• **Requirement**: Please restate each line of the data below exactly. Omit all images.

• **Data extract**:

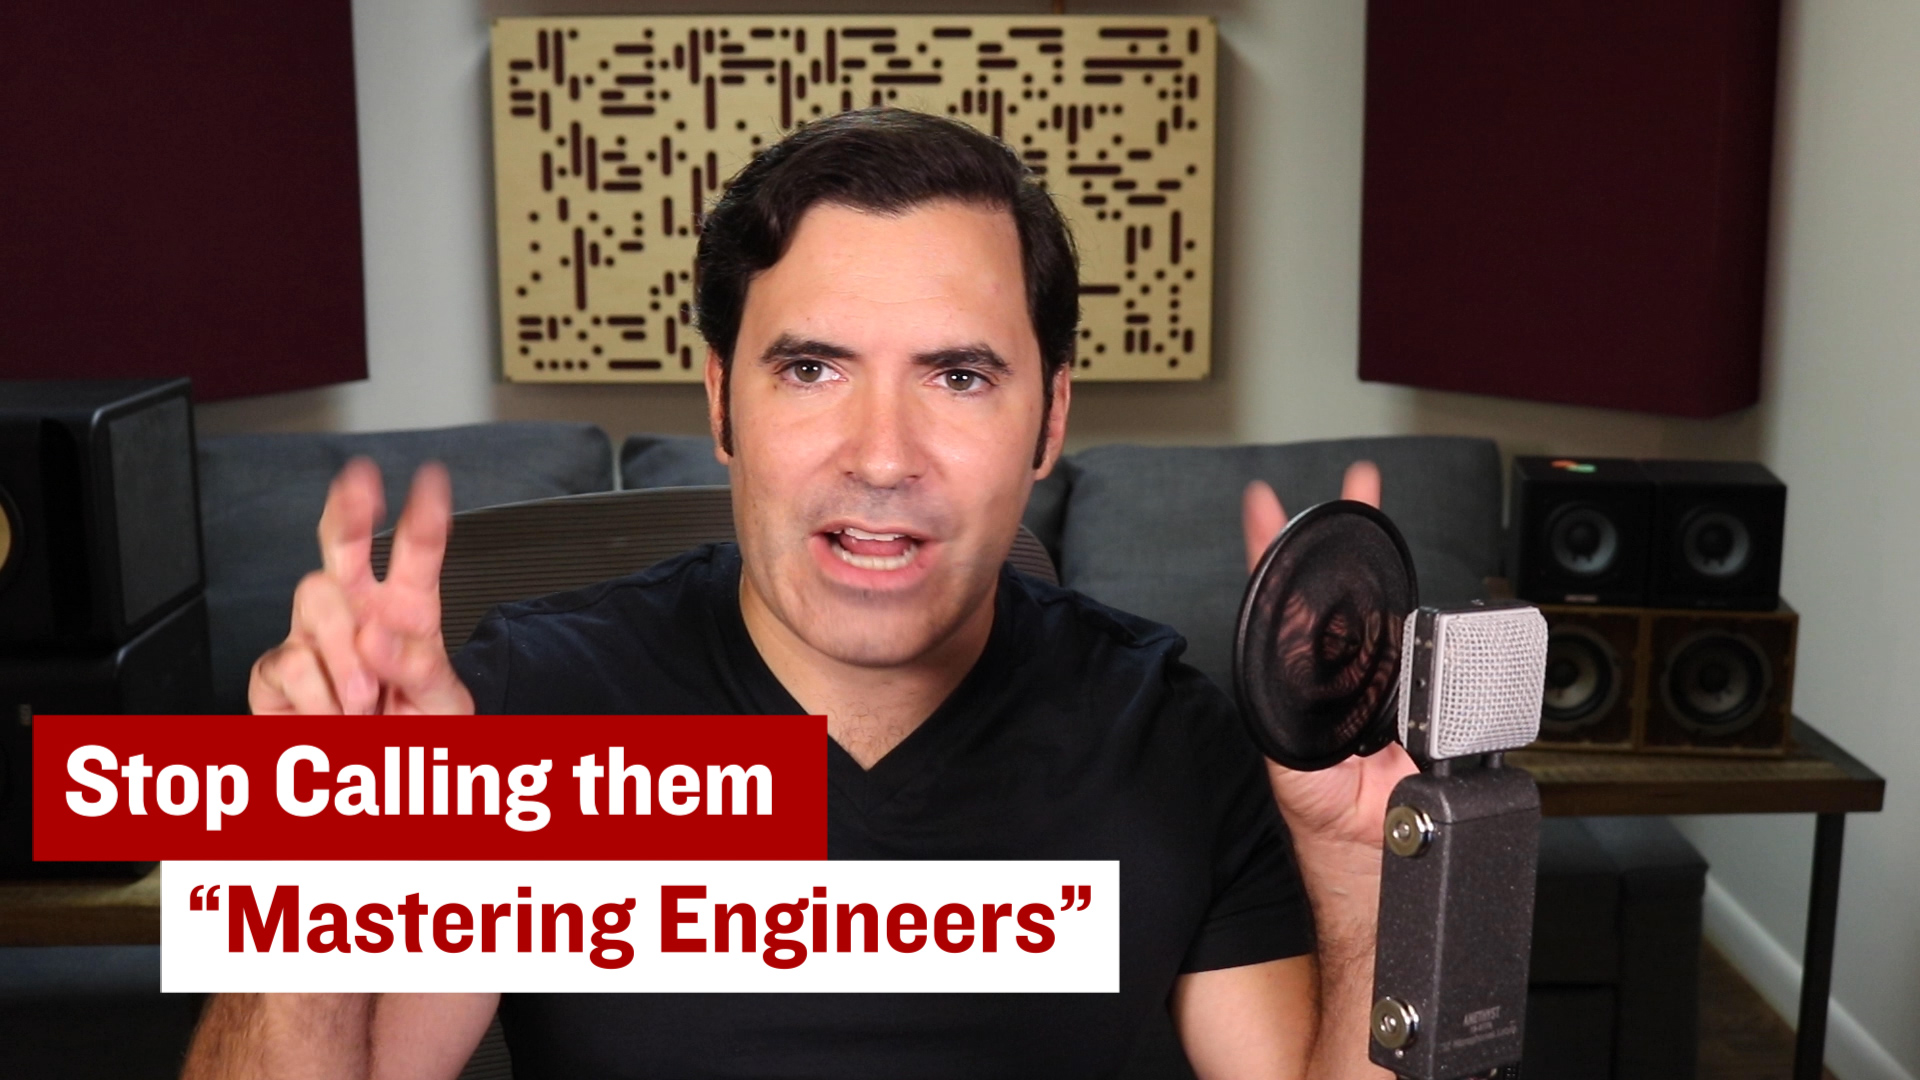 Don’t Call Them “Mastering Engineers”, Call Them This Instead
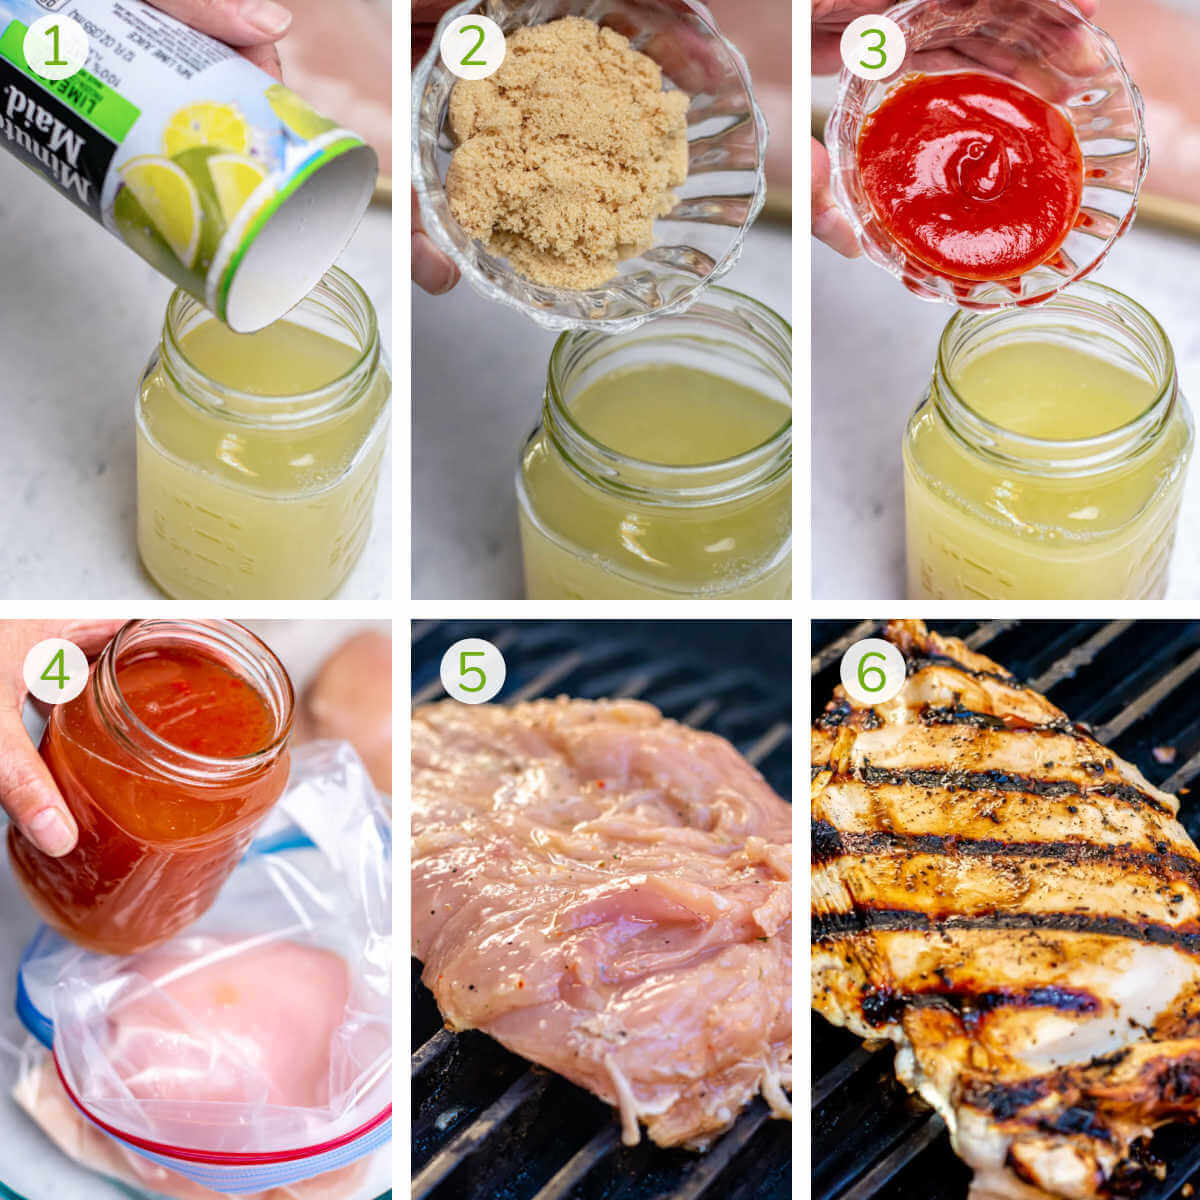 instruction photos showing adding the limeade, brown sugar, ketchup and marinating and grilling.
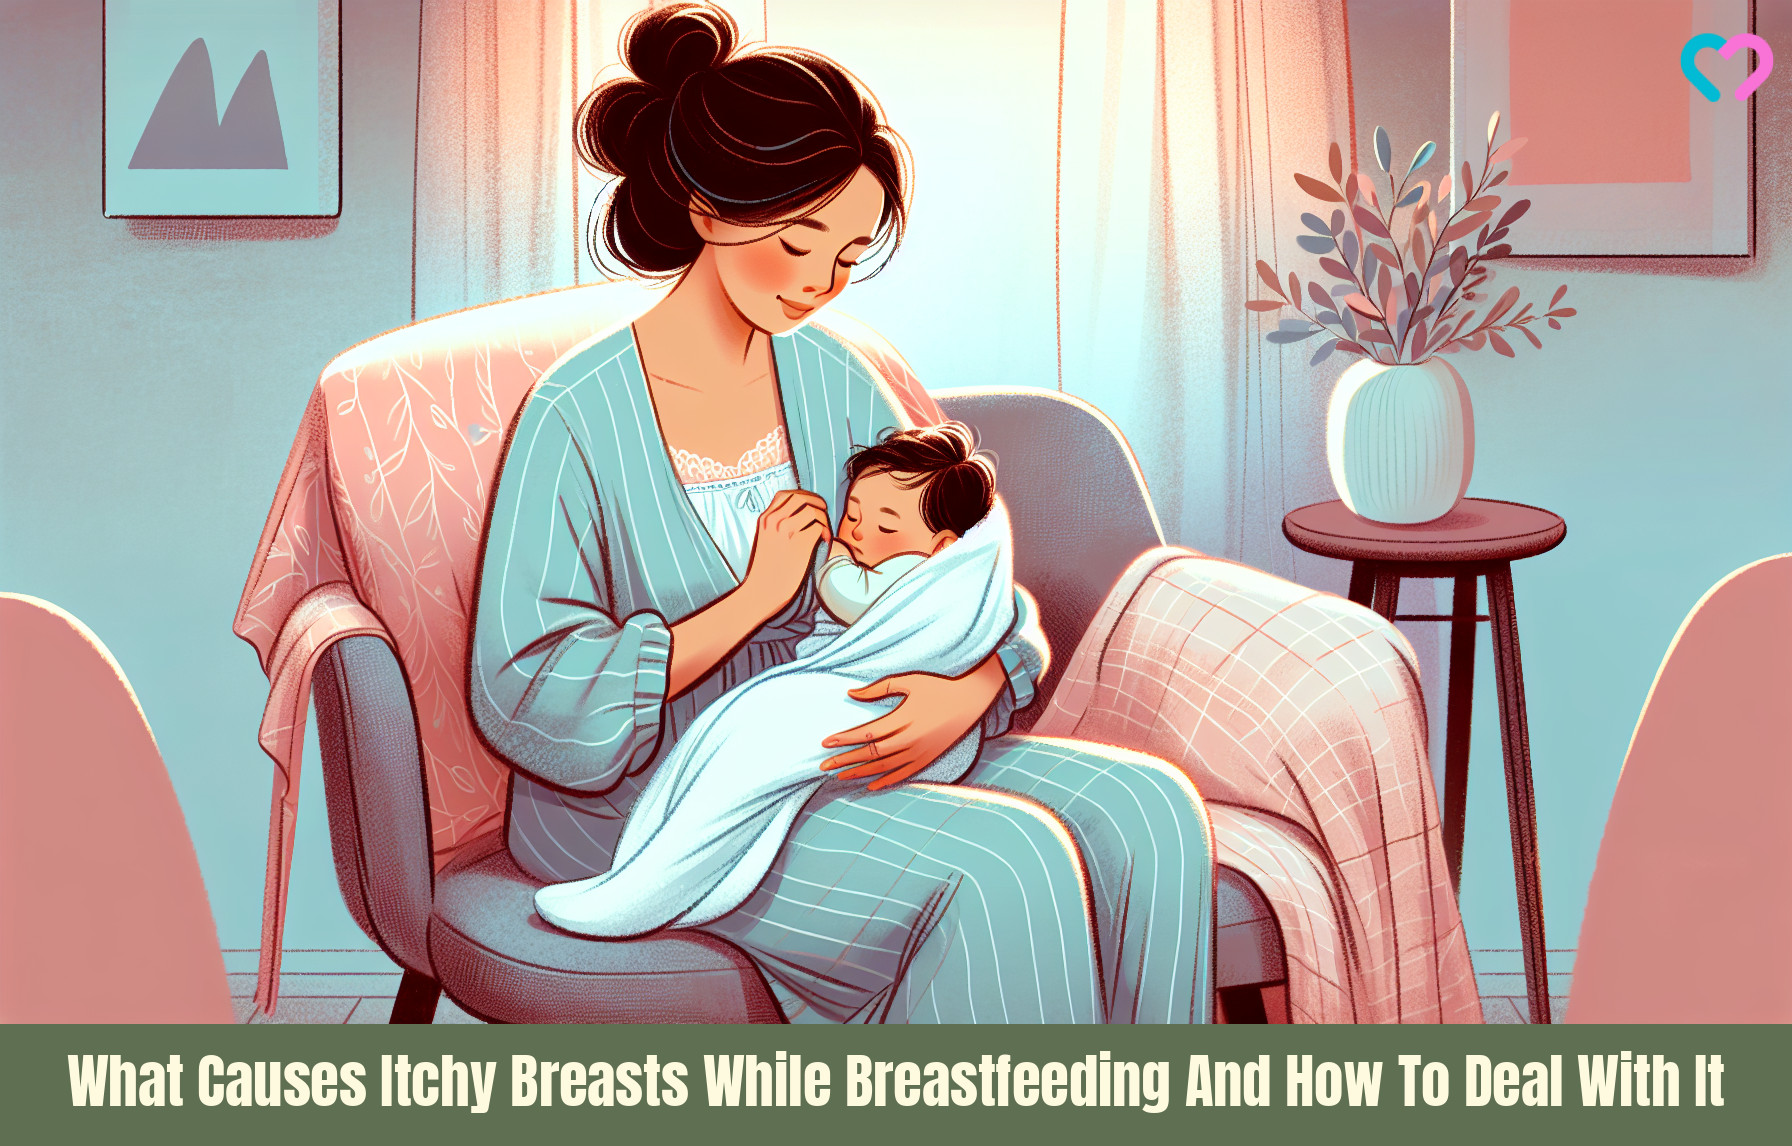 Itchy Breasts While Breastfeeding_illustration

• **Solution to this exercise**:
 Don’t Call Them “Mastering Engineers”, Call Them This Instead
 instruction photos showing adding the limeade, brown sugar, ketchup and marinating and grilling.
 Itchy Breasts While Breastfeeding_illustration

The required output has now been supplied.